**Exercise data:**
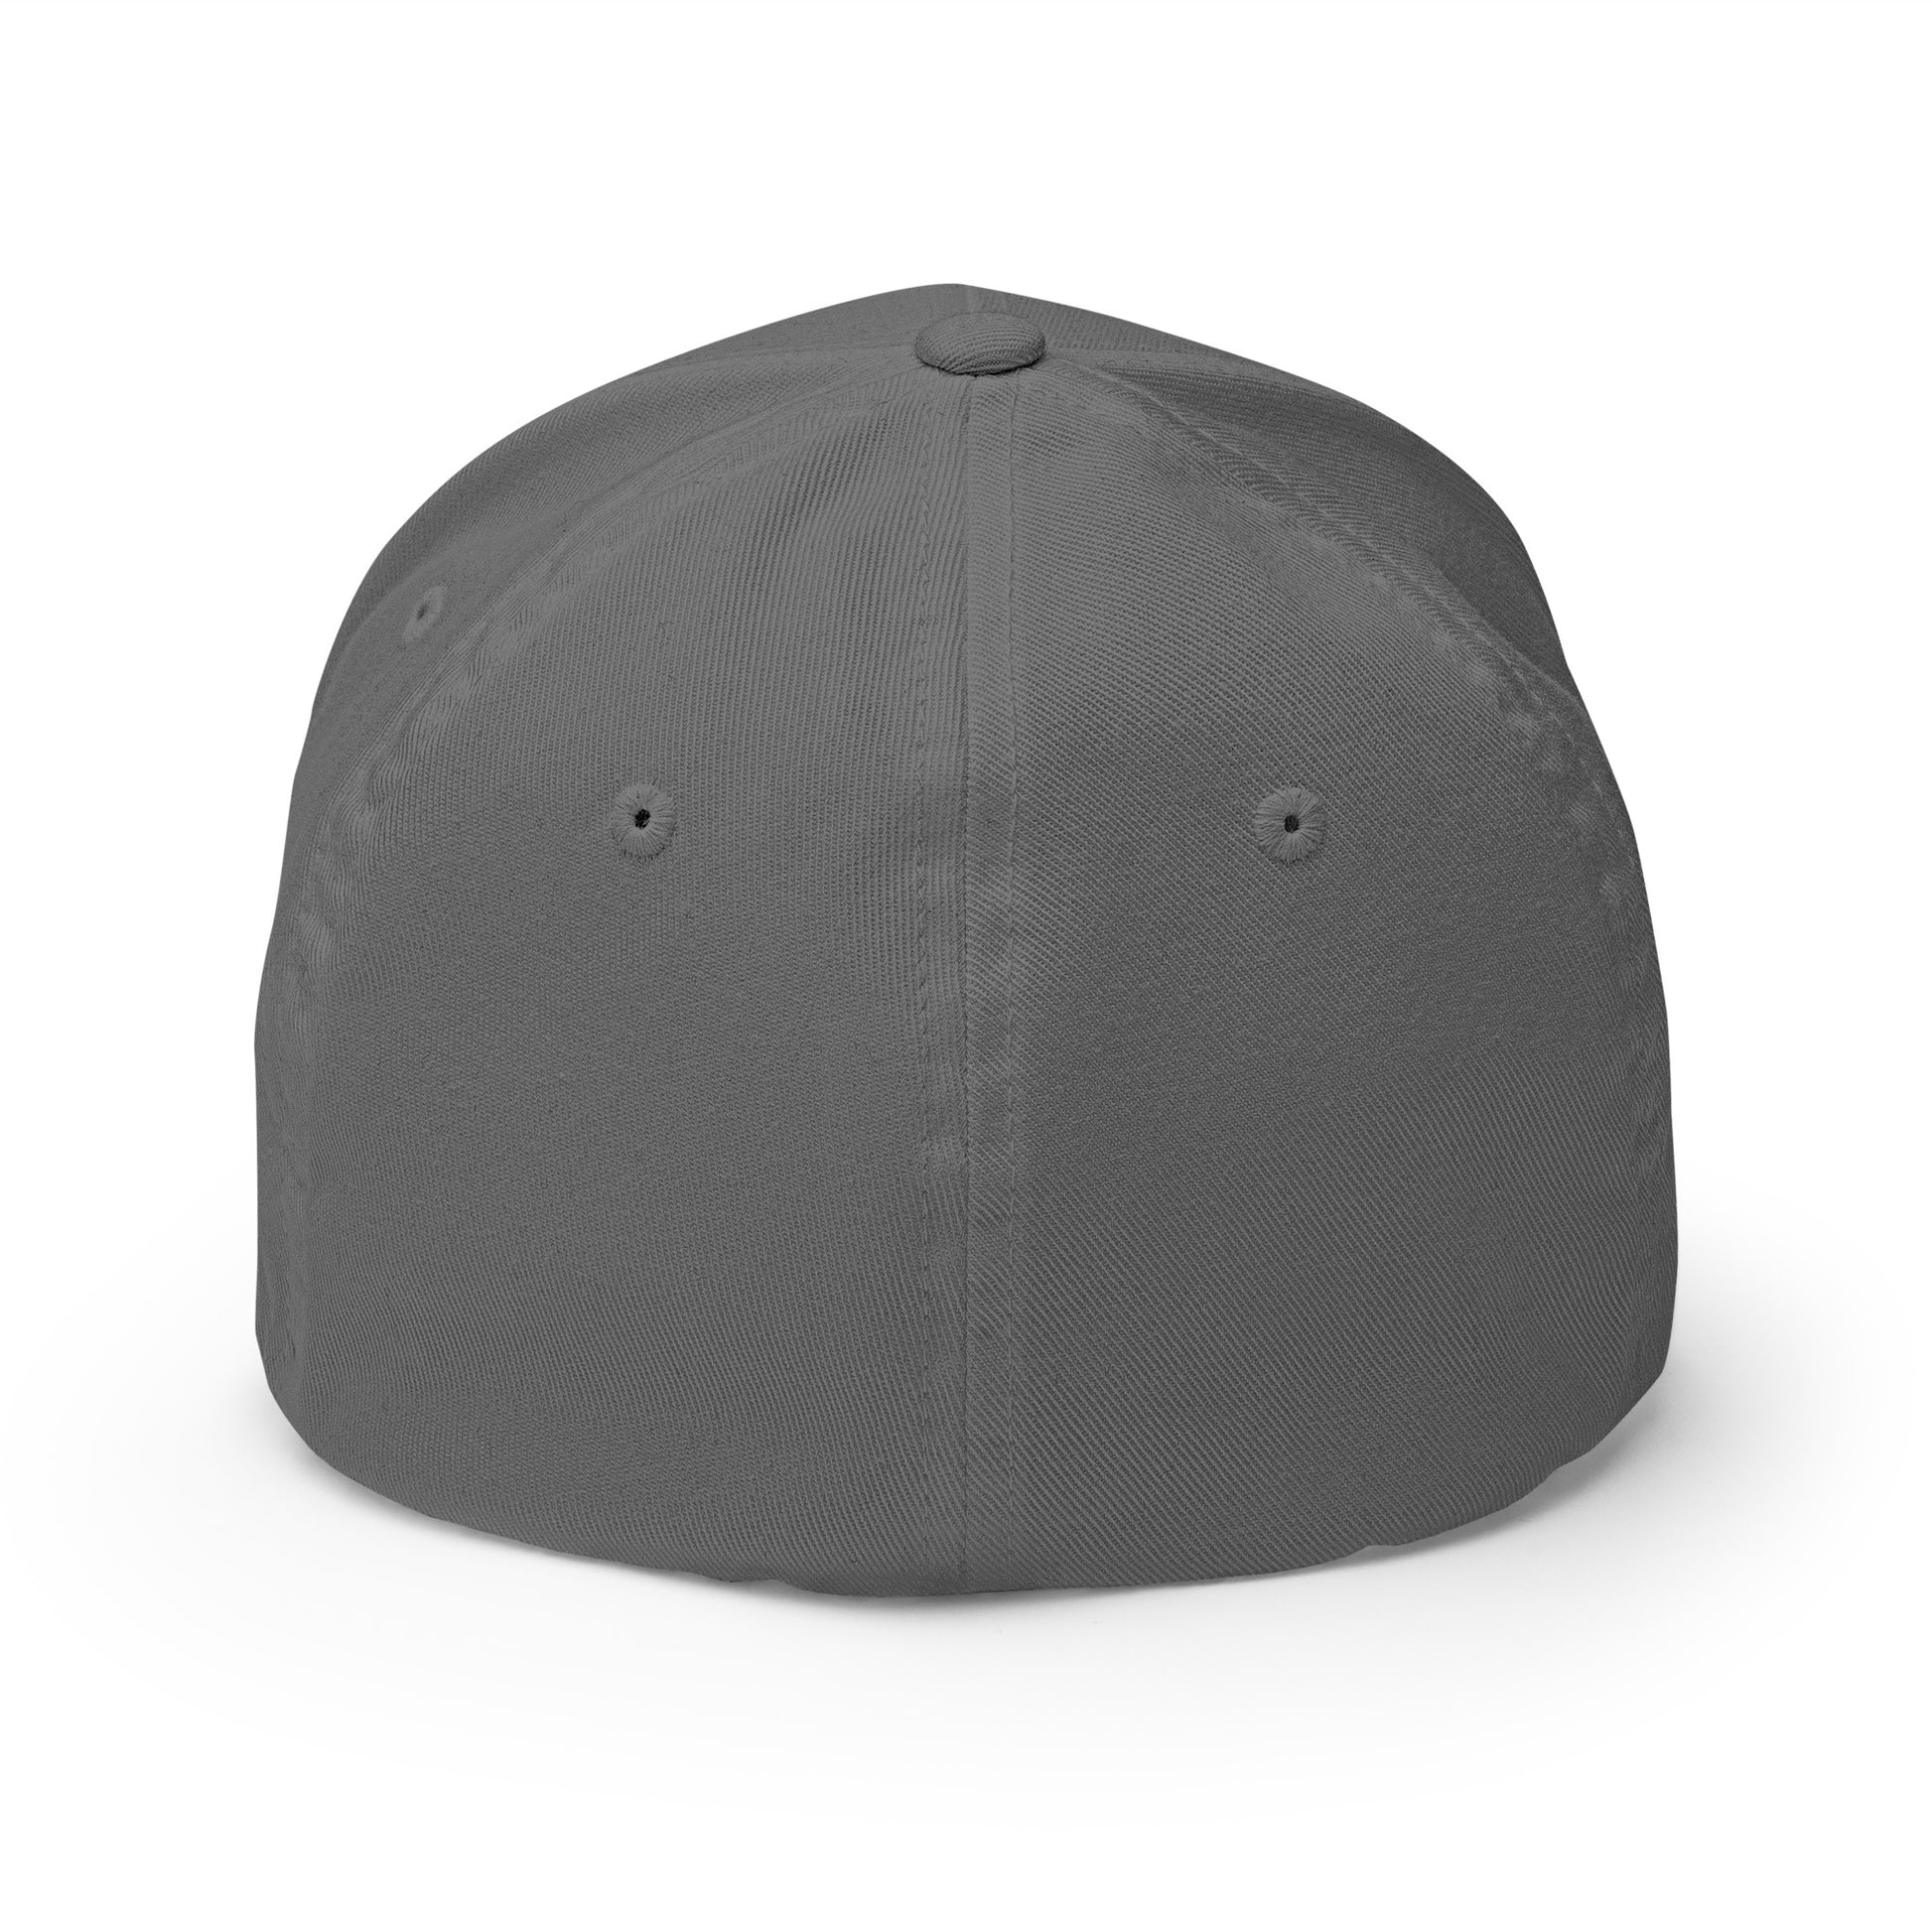 cap-from-the-back-with-geometric-shape-symbol
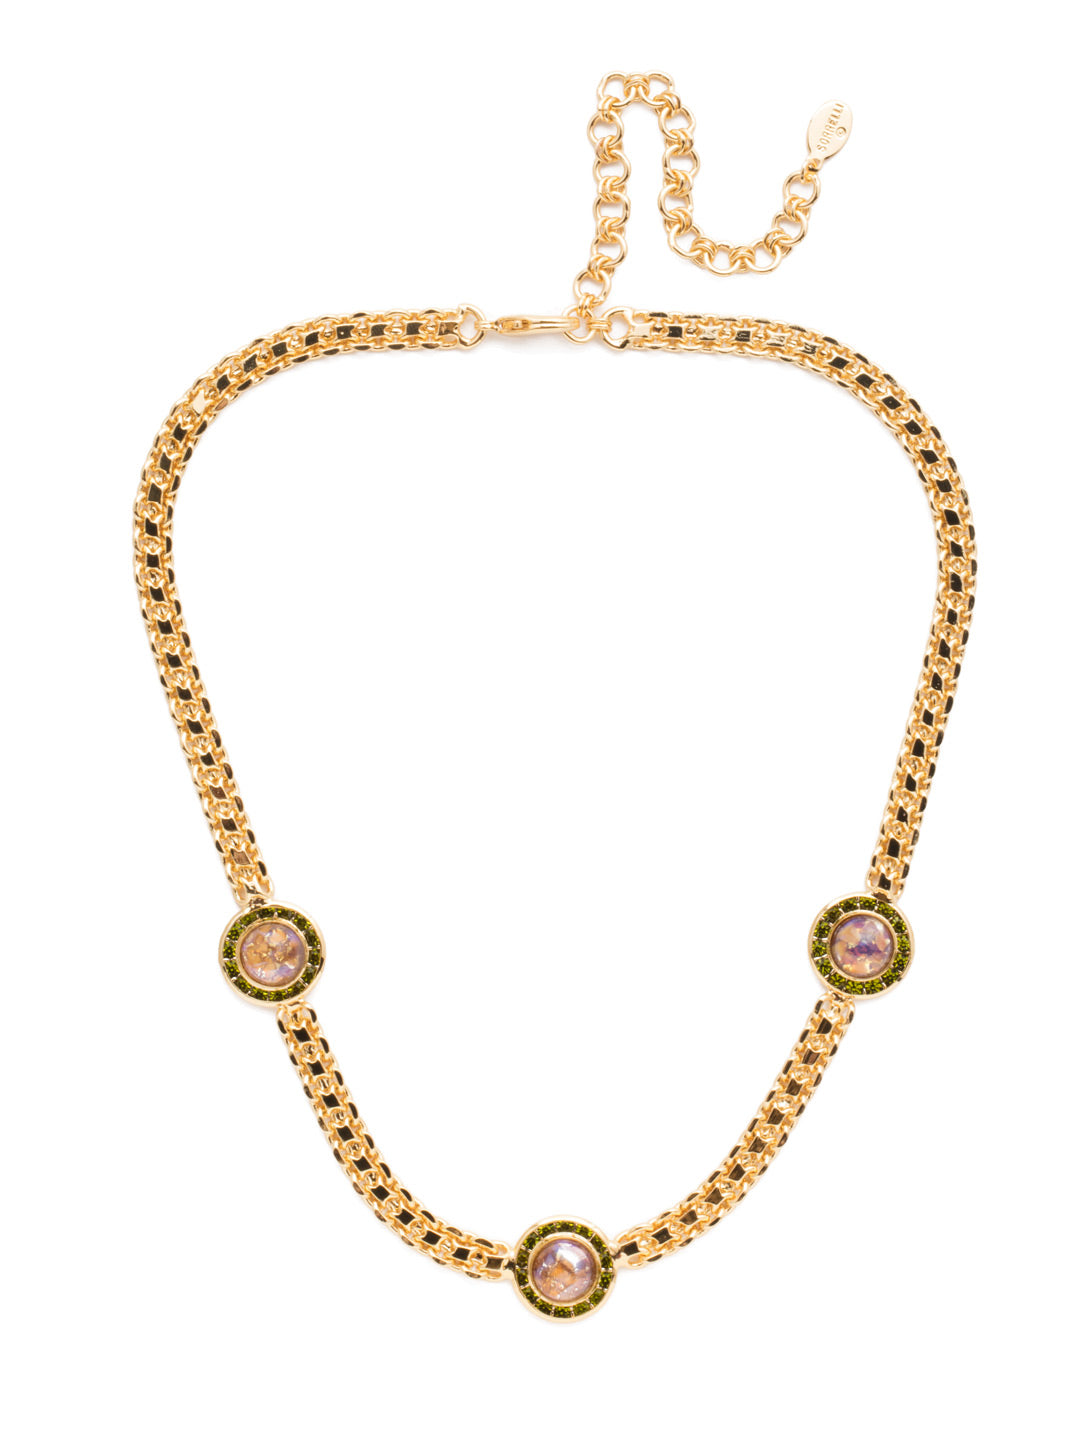 Alberta Tennis Necklace - NET12BGCSM - <p>Our Alberta Tennis Necklace is for the invidual who appreciates a bold chain but doesn't want to forgo a bit of sparkle. That comes in the form of opaque stones rimmed in shimmering crystals. From Sorrelli's Cashmere collection in our Bright Gold-tone finish.</p>
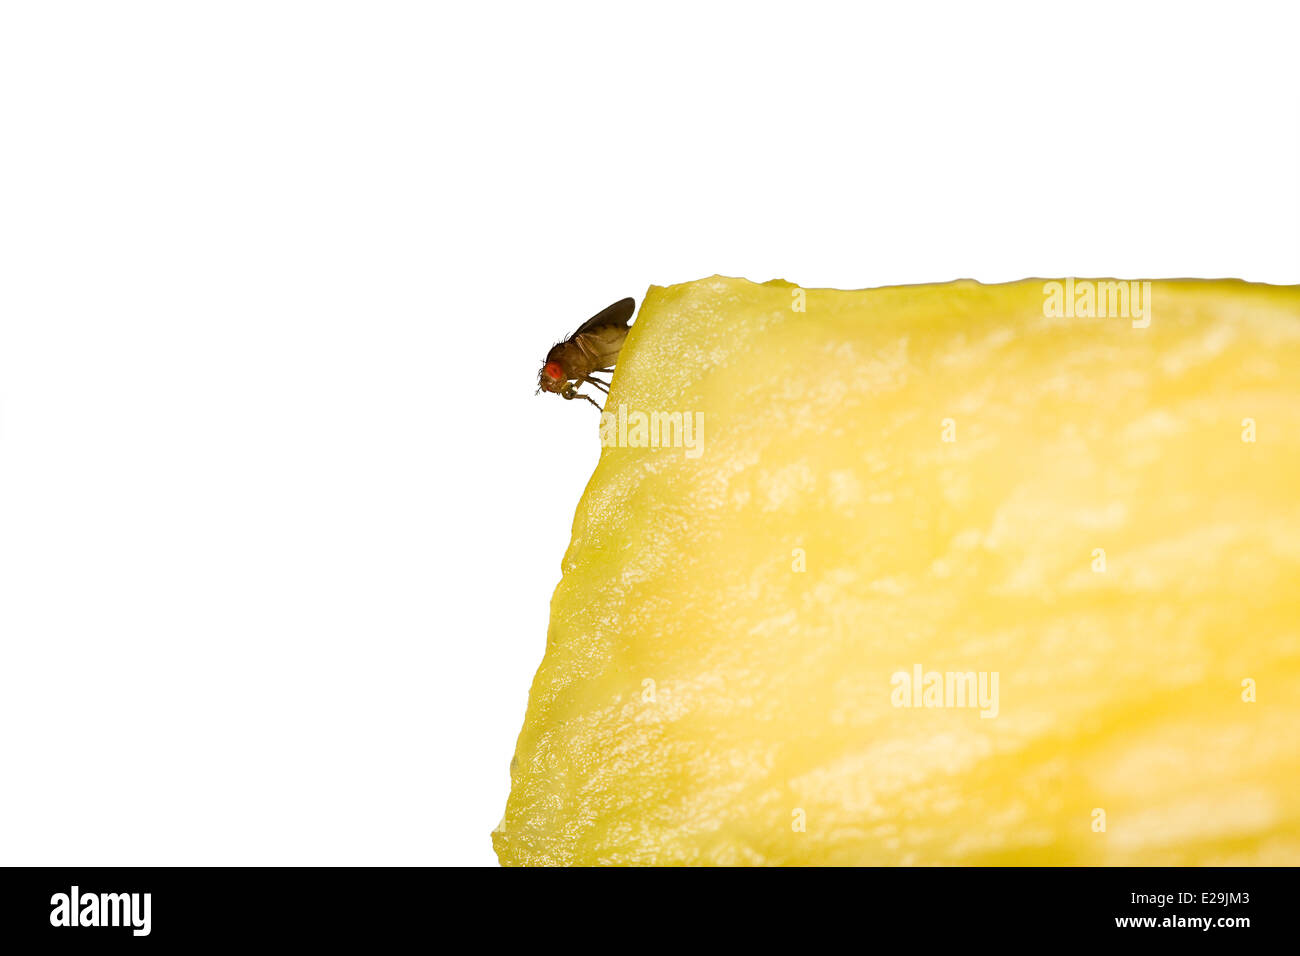 Cut Out. Common Fruit Fly (Drosophila melanogaster) on a yellow pineapple chunk on white background Stock Photo

**Try it:** The line containing "Alberta Tennis Necklace - NET12BGCSM" marks the end: transcribe every line from the start of the listing up to and including it, minus the pictures.

**Exercise response:**
 cap-from-the-back-with-geometric-shape-symbol
 Alberta Tennis Necklace - NET12BGCSM - <p>Our Alberta Tennis Necklace is for the invidual who appreciates a bold chain but doesn't want to forgo a bit of sparkle. That comes in the form of opaque stones rimmed in shimmering crystals. From Sorrelli's Cashmere collection in our Bright Gold-tone finish.</p>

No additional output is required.